As has been stated above, applying canonicalization is mainly for improving the performance of QA system. To see the degree to which the performance has been improved, we will need some evaluation metrics to compare the performance of OQA and our product COQA. We will mainly use the following metrics.

  • Recall reflects the overall ability of our QA system to answer various questions across different domains. A high recall requires the breadth of knowledge of the underlying KB, and therefore this is where existing curated KB-QA systems consistently underperformed. It also requires our COQA system to parse questions correctly to form the representative queries.

  • Precision factors in all questions answered by the QA system and determines how precise these answers are. Precision is the main weakness of an uncanonicalized open KB compared with curated KBs in question-answering tasks, due to the large amount of noisy data a raw open KB normally contains. In this project, precision will reflect the effectiveness of our canonicalization approach. A high precision is also highly dependent on correct training of the machine learning model to rank results.

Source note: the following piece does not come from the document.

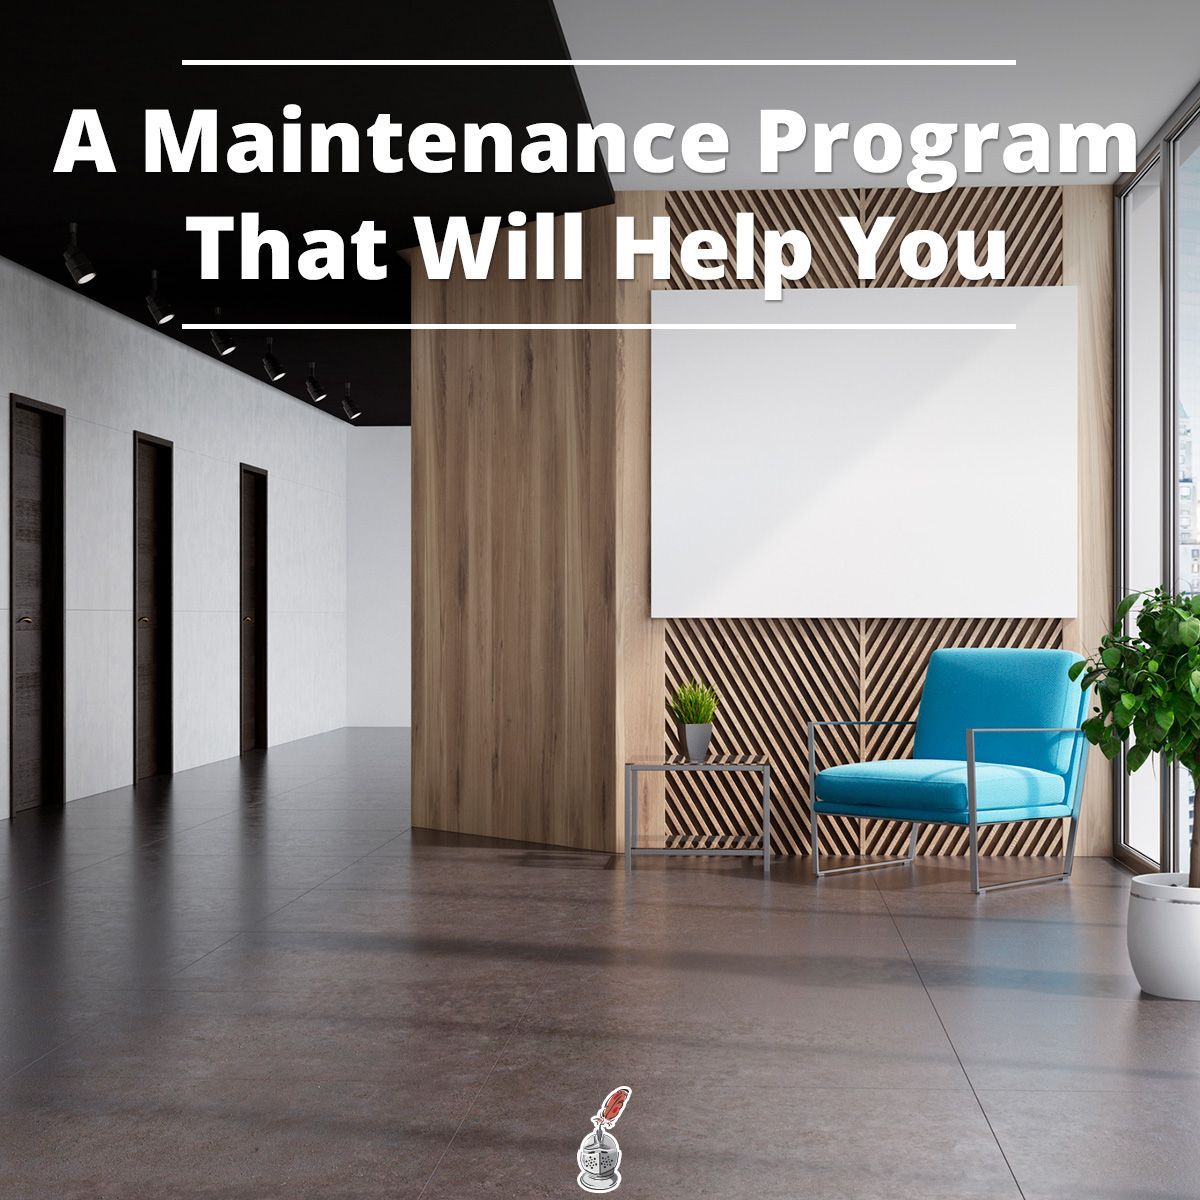 A Maintenance Program That Will Help You

  • F1 Score is the harmonic average of precision and recall, ranging from 0 to 1. F1 score seeks a balance between recall and precision. Essentially, one of the goals we set out to achieve with a canonicalized open KB (instead of a curated KB) is to balance more data (completeness, favoring recall) with better data (correctness, favoring precision). Theoretically, canonicalization is expected to improve both recall and precision up to a certain level. Beyond that level, a higher recall may come at the expense of a lower precision, and vice versa. This recall/precision trade-off will be carefully studied in order to reach a reasonable compromise between the two.

Our team will first focus on achieving a high recall, to make sure our system can answer a grand scope of questions. We will then try to improve the precision by improving every step from question parsing to result ranking. The combined improvement of recall and precision is believed to give us a huge improvement in terms of F1 score.